**WHAT IS REQUIRED**
Begin your copy at the line with "Tu Opel Corsa GS desde 230€/mes*" in the records below and end it at the line with "der Baureihe 86", restating each line word for word; omit the pictures.

[[ RECORDS FOR THE EXERCISE, beginning ]]

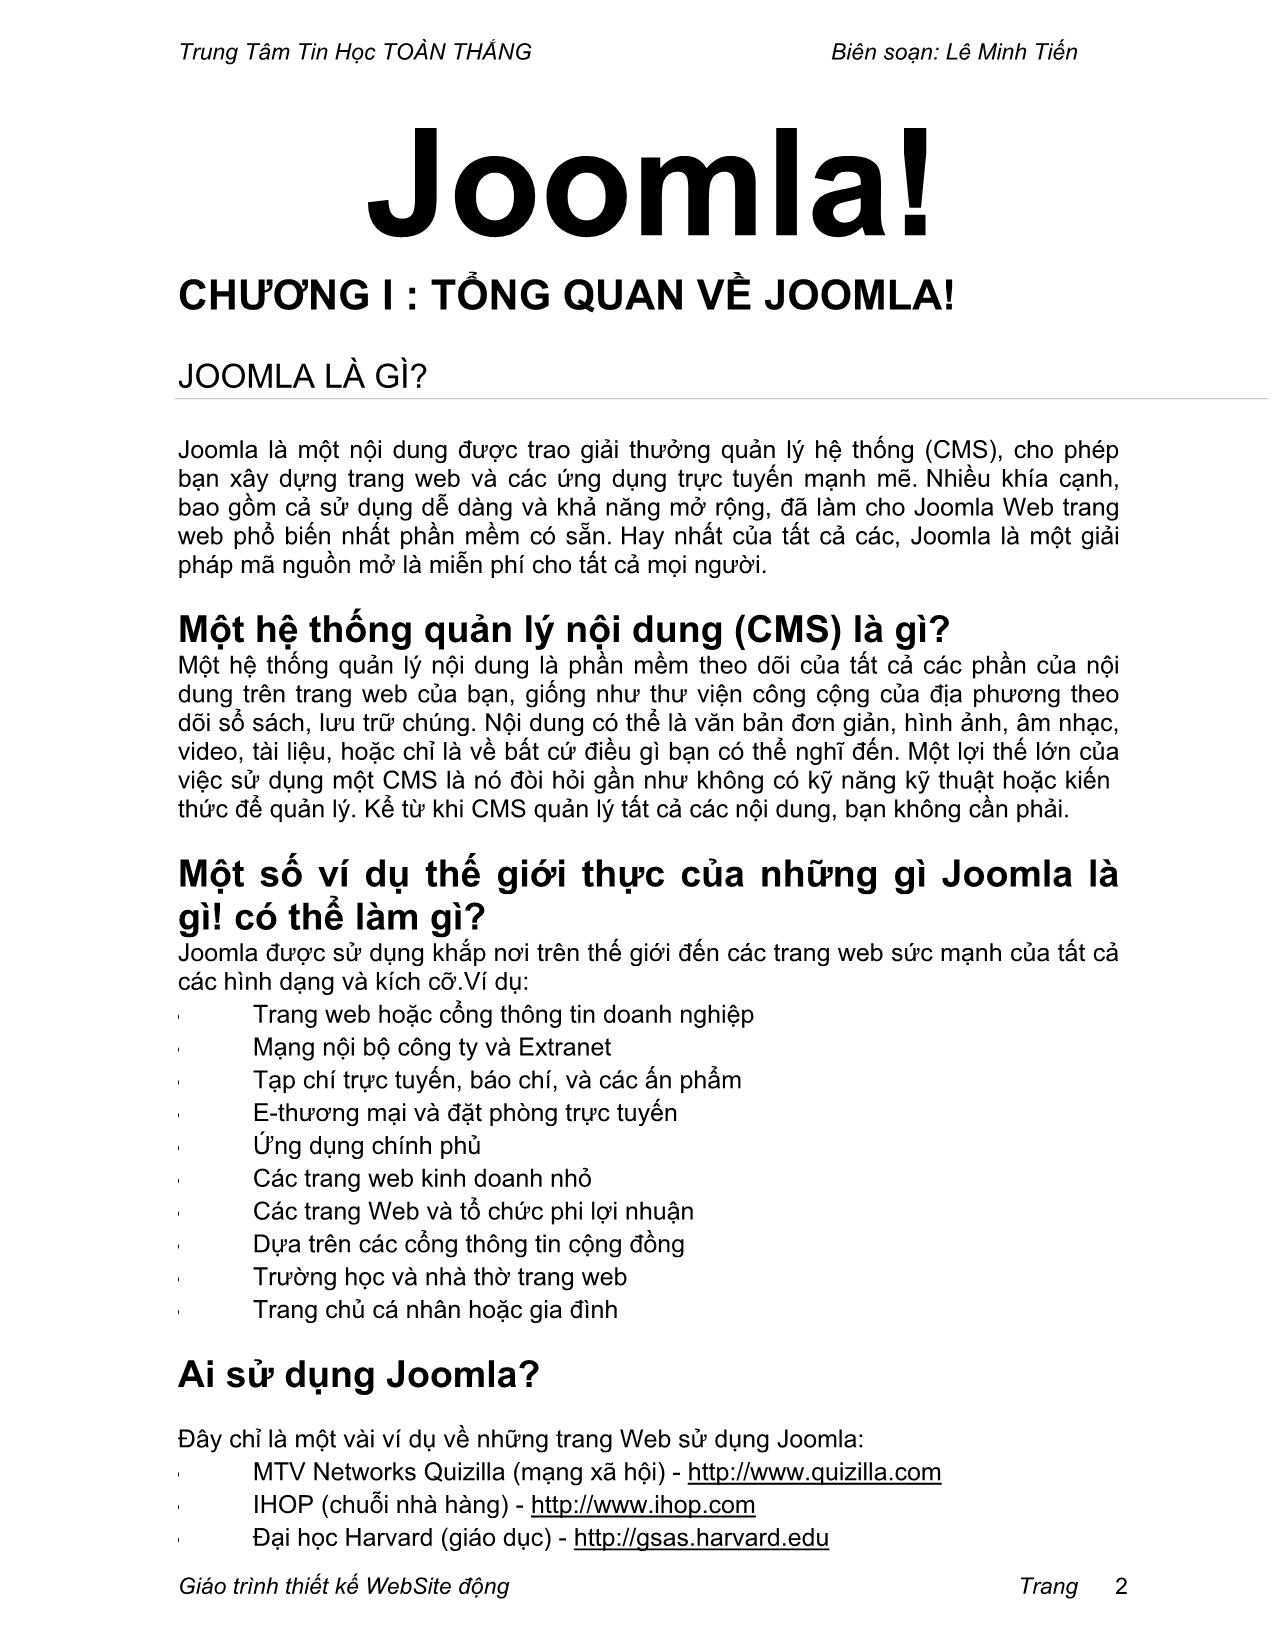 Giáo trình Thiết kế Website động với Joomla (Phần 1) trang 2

[[ RECORDS FOR THE EXERCISE, end ]]
[[ RECORDS FOR THE EXERCISE, beginning ]]

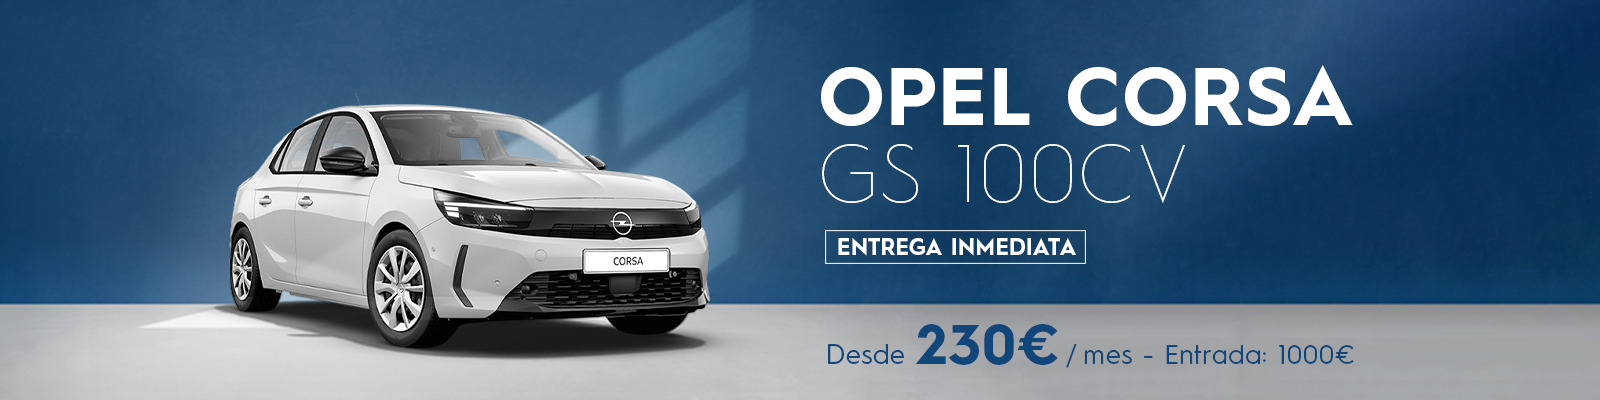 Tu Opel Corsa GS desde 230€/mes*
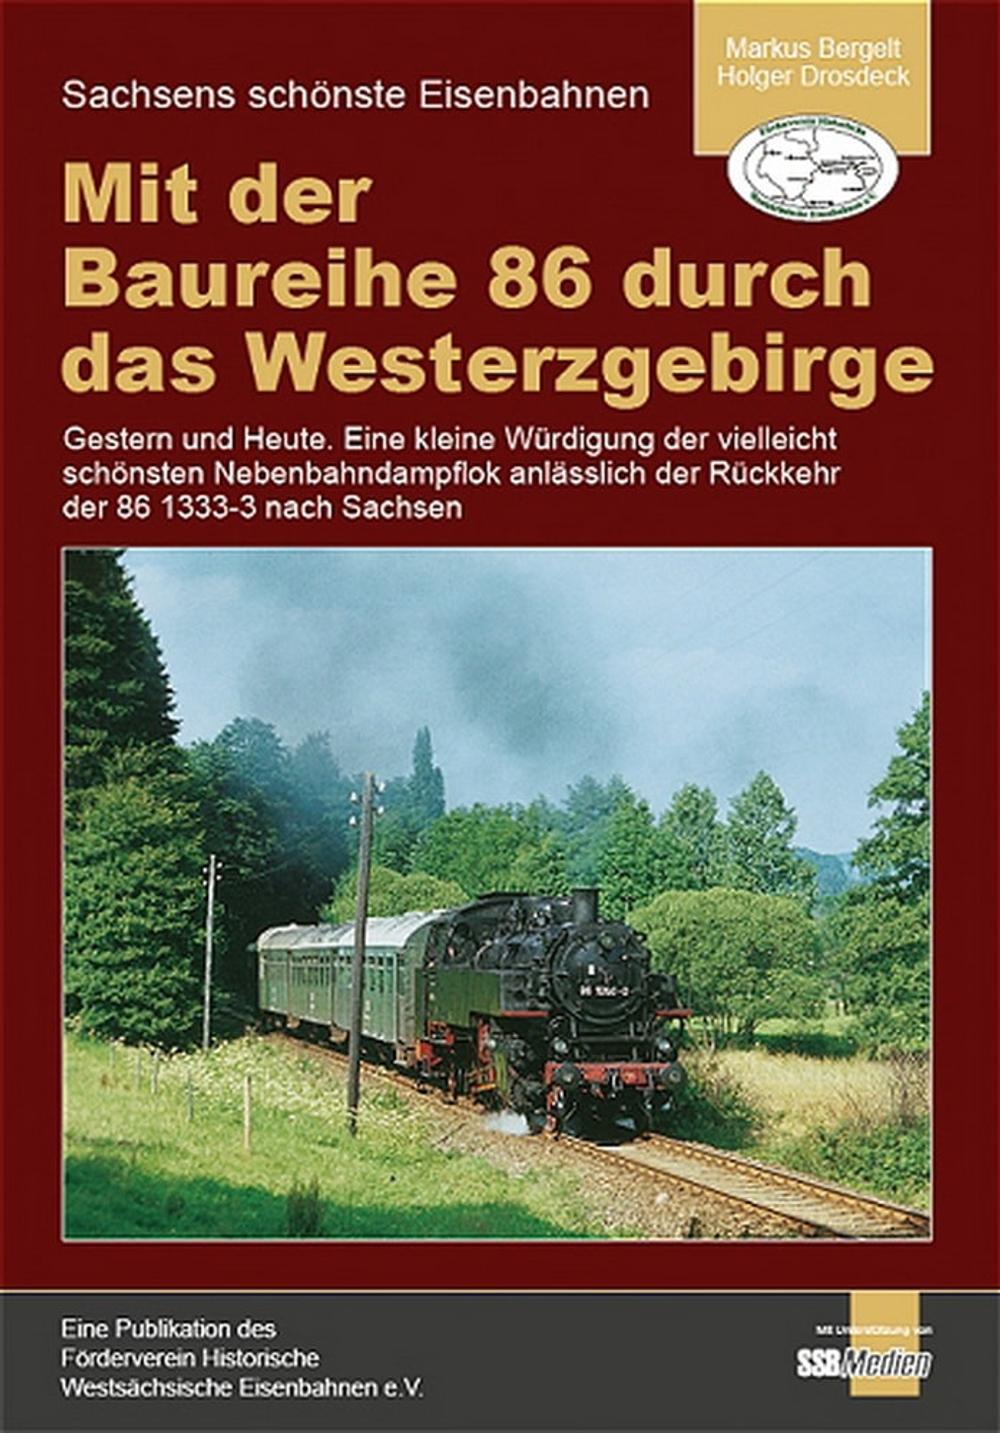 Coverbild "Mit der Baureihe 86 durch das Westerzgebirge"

[[ RECORDS FOR THE EXERCISE, end ]]

**WRITTEN SOLUTION**
 Tu Opel Corsa GS desde 230€/mes*
 Coverbild "Mit der Baureihe 86 durch das Westerzgebirge"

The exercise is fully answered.